So, I took one intro course in Tensor calculus and this problem reminds of that, except I can't quite recall how derivatives work with respect to components, or what those derivatives produce. Consider the following example:
The transition from (7) to (8) is where I'm lost. We have
$$ \frac{\partial f}{\partial X_{jk}} = \frac{\partial}{\partial X_{jk}} \sum_i \sum_j \sum_k A_{ij}X_{jk}B_{ki} $$
Now, the ultimate goal here is to find $\frac{\partial f}{\partial X}$, so why did we choose to differentiate on the indices $(j,k)$. Clearly that's a convenient choice, but why is it acceptable to choose, what is the intuition or motivation for that choice (this is my main question)? Given that it is the correct choice, I believe the derivative and subsequent work goes somewhat like:
\begin{align} \frac{\partial}{\partial X_{jk}} \sum_i \sum_j \sum_k A_{ij}X_{jk}B_{ki} &= \sum_i \sum_j \sum_k A_{ij}\frac{\partial}{\partial X_{jk}}\left(X_{jk}\right)B_{ki} \\ &= \sum_i \sum_j \sum_k A_{ij}1_{jk}B_{ki} \\ &= \sum_i \sum_j A_{ij} \sum_k 1_{jk}B_{ki} \tag{$\star$} \\ &= \sum_i \sum_j A_{ij}B{ji} \end{align}
But my steps in/around $(\star)$ are not legitimate. I sense that there should be some kronecker delta action around there. In tensor notation I get:
\begin{align} \frac{\partial}{\partial X_{jk}} A_{ij}X_{jk}B_{ki} &= A_{ij}\frac{\partial}{\partial X_{jk}}\left(X_{jk}\right)B_{ki} \\ &= A_{ij}B_{ki} \\ &= \left[BA\right]_{kj} \\ &= \left[BA\right]^T_{jk} \\ &= \left[A^TB^T\right]_{jk} \\ \end{align}
which are the components of $A^TB^T$. So that seems to work fine (am I correct?). If so, how do I reconcile the notations in order to perform the same calculation in index notation?
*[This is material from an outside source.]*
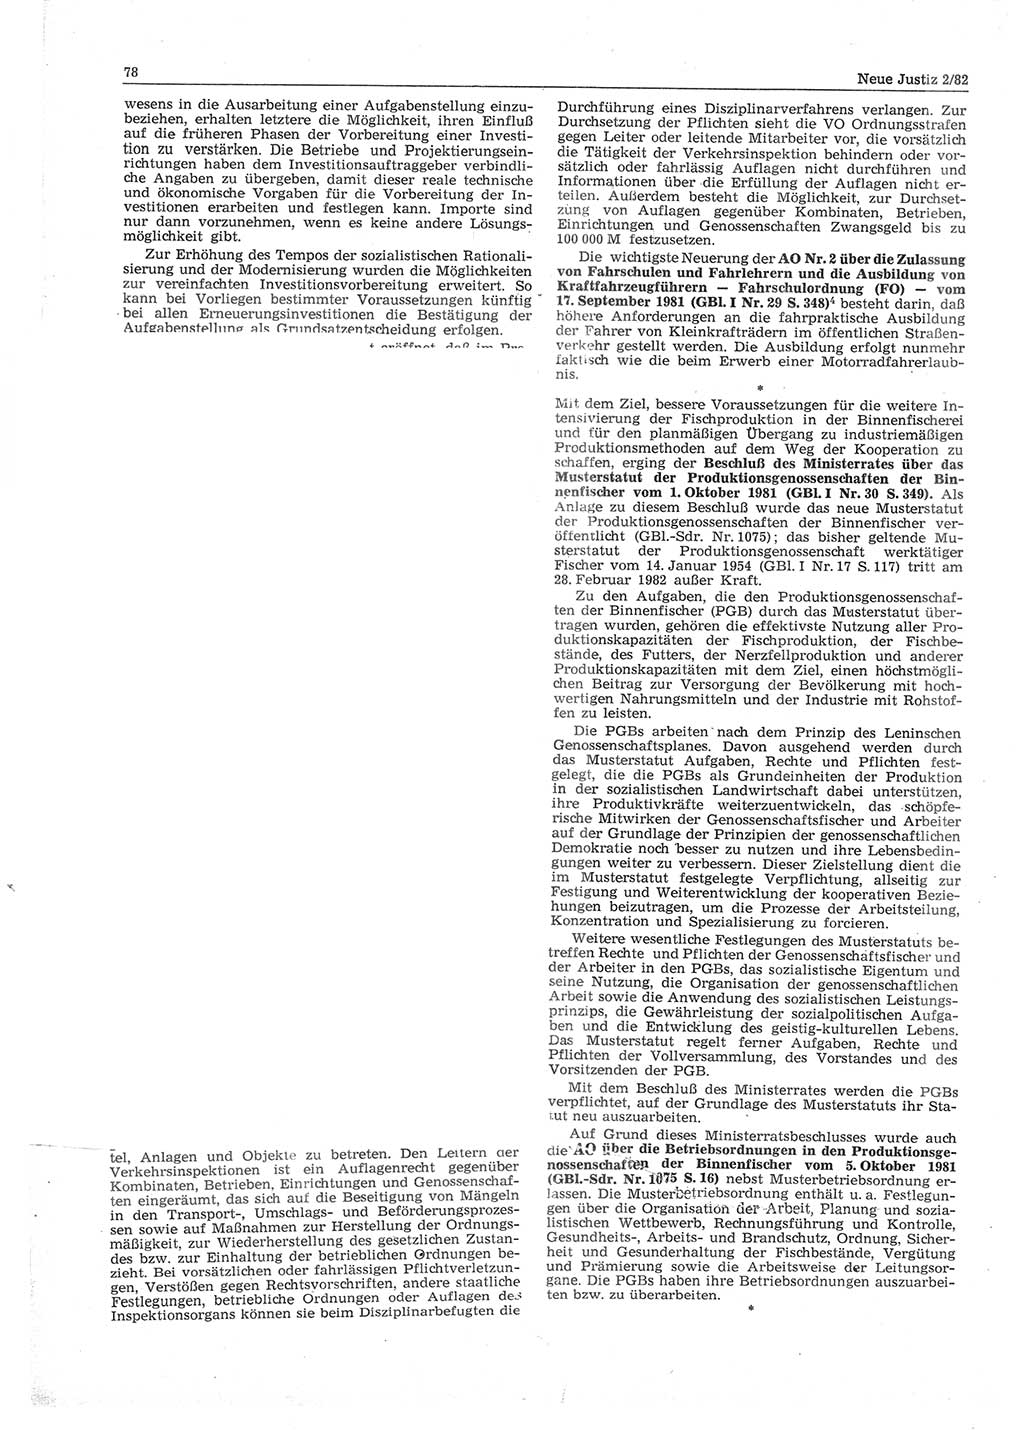 Neue Justiz (NJ), Zeitschrift für sozialistisches Recht und Gesetzlichkeit [Deutsche Demokratische Republik (DDR)], 36. Jahrgang 1982, Seite 78 (NJ DDR 1982, S. 78)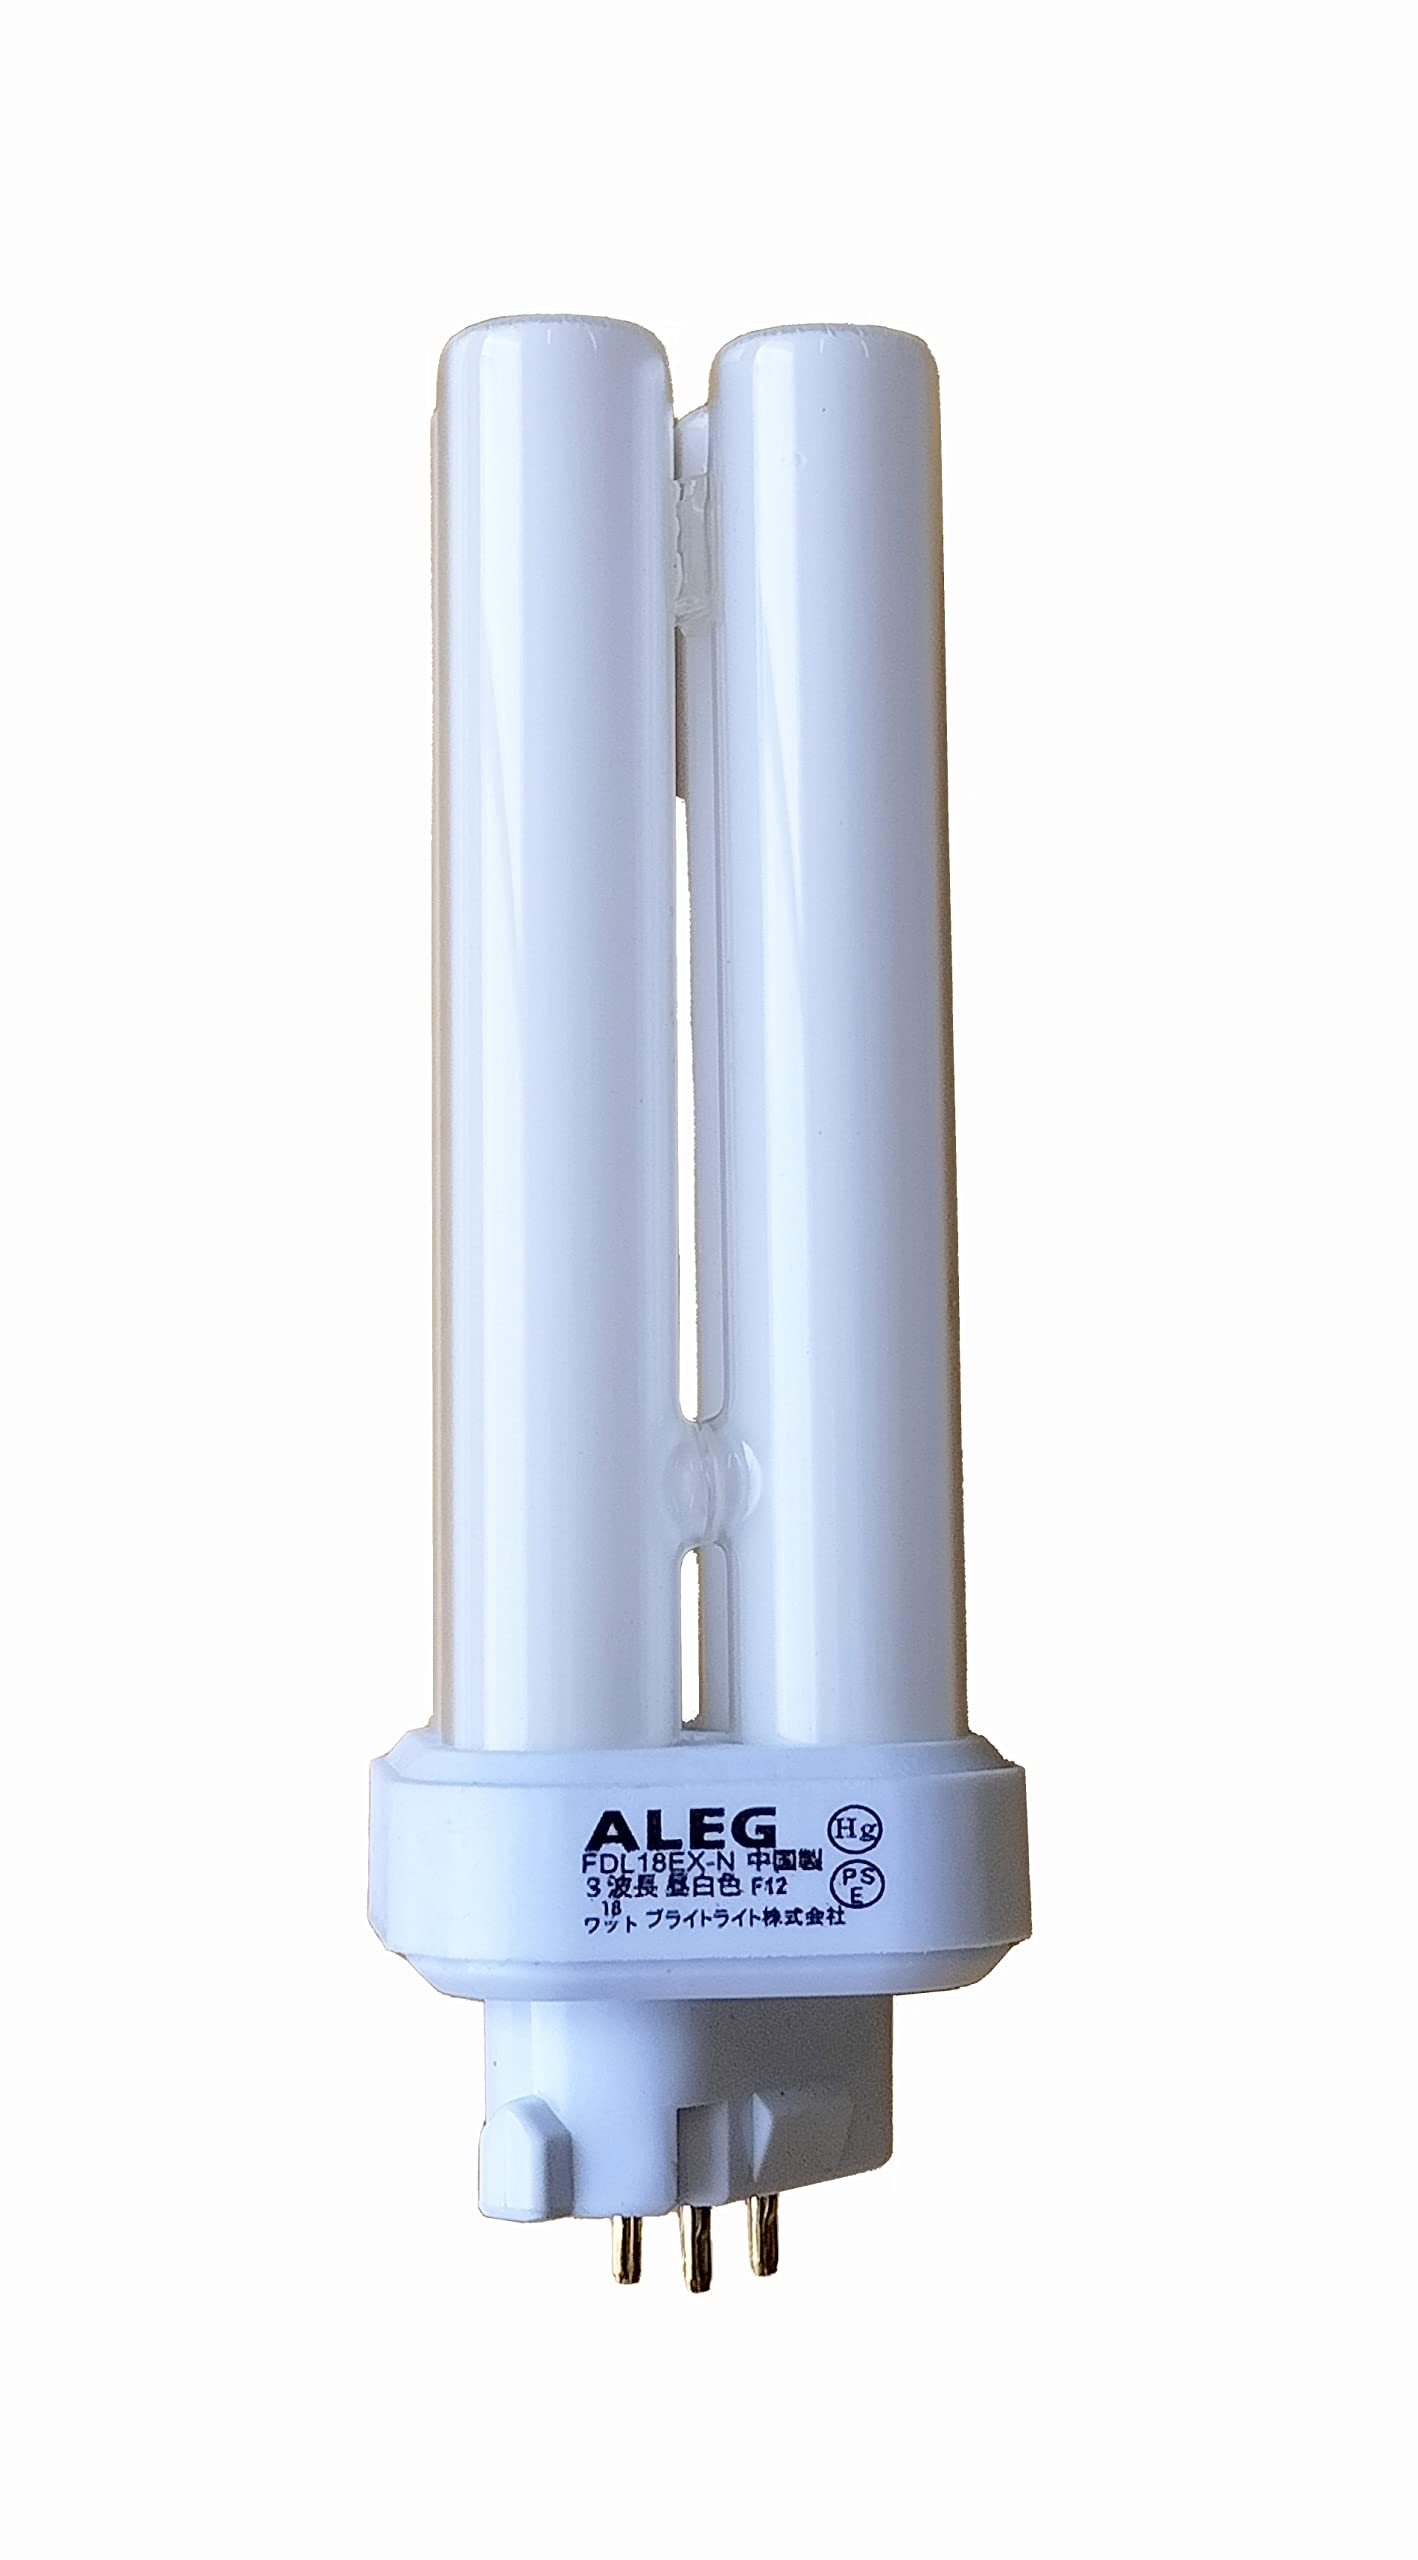 アレッグ(ALEG) 三波長昼白色コンパクト蛍光灯 FDL18EX-N

I can see the confusion in the notation, so let's change things up a little bit to try and make it clearer.
First let's note what our coordinates are: For convenience, all indices range from from $1$ to $n$. We have coordinates of the form $(X_{ij})=(X_{ij}, 1\leq i,j\leq n)$. Then for fixed matrices $A$ and $B$, we have that $X_{ij}(A)=A_{ij}$ and $X_{ij}(B)=B_{ij}$. Then our function $f(X)$, in coordinates is written as $$f((X_{ij}))=\sum_i\sum_j\sum_kA_{ij}X_{jk}B_{ki}.$$ Now let's differentiate with respect to a fixed coordinate $X_{ab}$. Then \begin{align*} \frac{\partial f}{\partial X_{ab}}&=\frac{\partial}{\partial X_{ab}}\sum_i\sum_j\sum_kA_{ij}X_{jk}B_{ki}\\ &=\sum_i\sum_j\sum_kA_{ij}B_{ki}\frac{\partial X_{jk}}{\partial X_{ab}}\\ &=\sum_i\sum_j\sum_kA_{ij}B_{ki}\delta_{aj}\delta_{bk}\\ &=\sum_iA_{ia}B_{bi}\\ &=\sum_iB_{bi}A_{ia}\\ &=X_{ba}(BA)\\ &=X_{ab}((BA)^T)\\ &=X_{ab}(A^TB^T). \end{align*}
Now, $$\frac{\partial f}{\partial X_{ab}}=X_{ab}\left(\frac{\partial f}{\partial X}\right)$$ by definition, and hence $$\frac{\partial f}{\partial X}=A^TB^T.$$